Write out exactly the lines from the one containing "IMPORT-3DSU-Dragon Quest VII" to the end of the material, both ends included, and nothing else. Leave pictures out.
═══ The data ═══
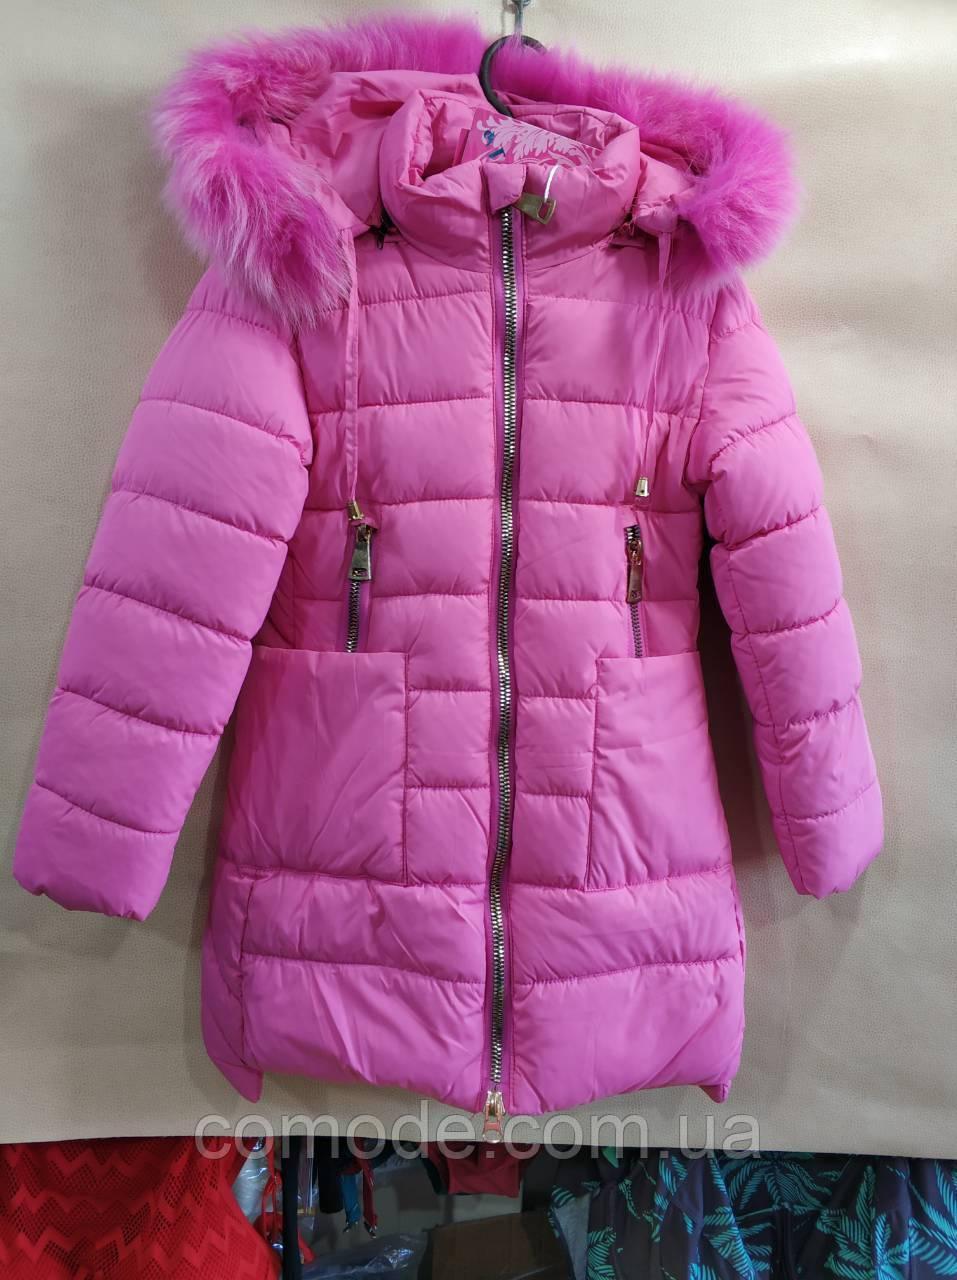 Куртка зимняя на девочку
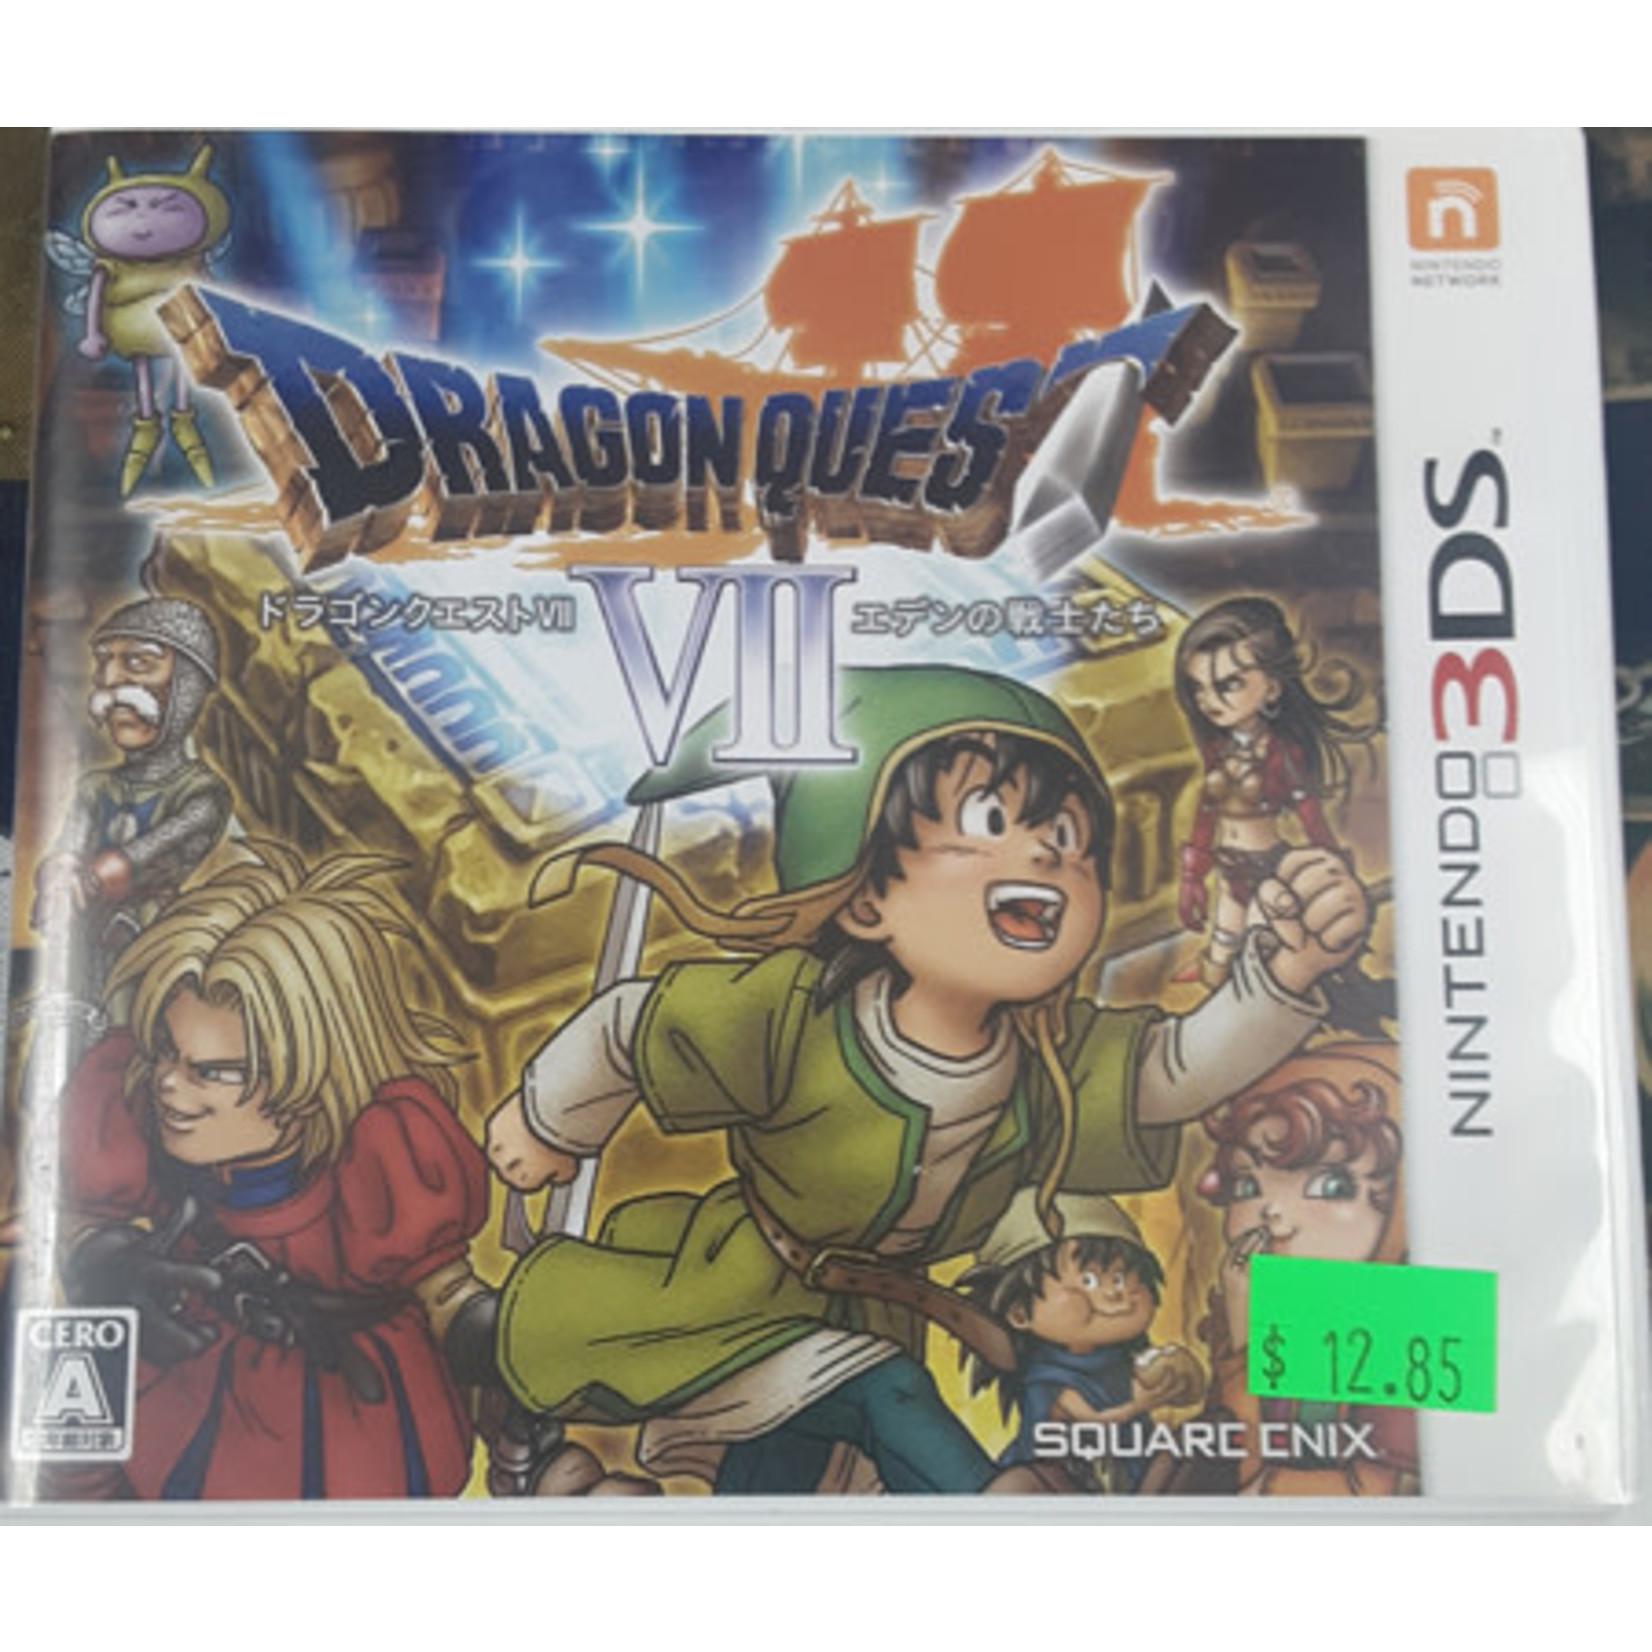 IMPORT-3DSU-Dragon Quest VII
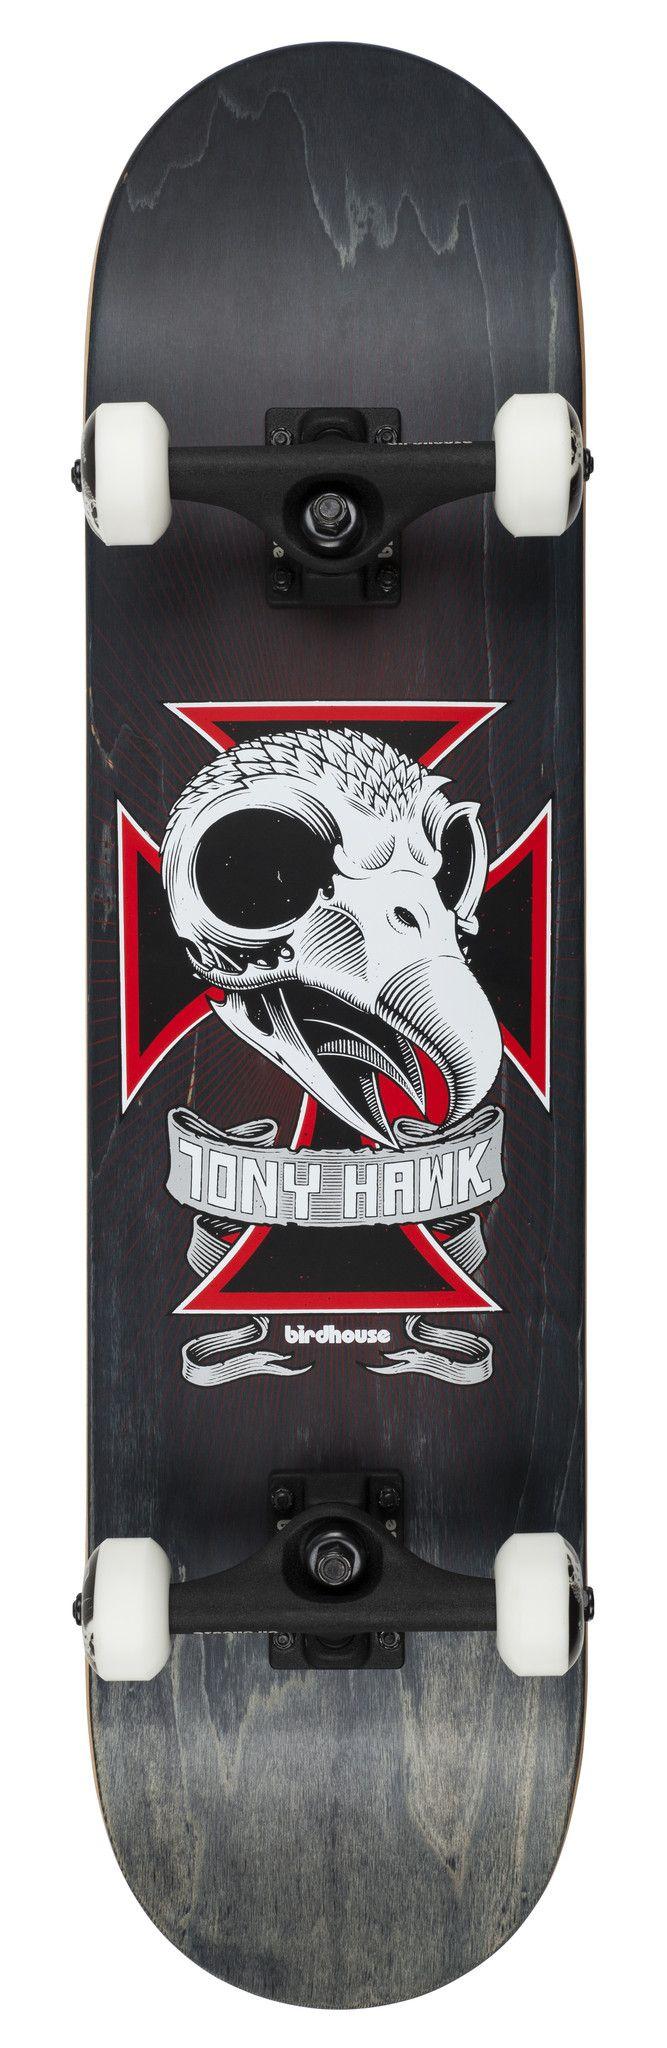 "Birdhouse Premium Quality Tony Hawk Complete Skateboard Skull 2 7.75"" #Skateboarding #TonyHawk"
═══
- **Response area**
 IMPORT-3DSU-Dragon Quest VII
 "Birdhouse Premium Quality Tony Hawk Complete Skateboard Skull 2 7.75"" #Skateboarding #TonyHawk"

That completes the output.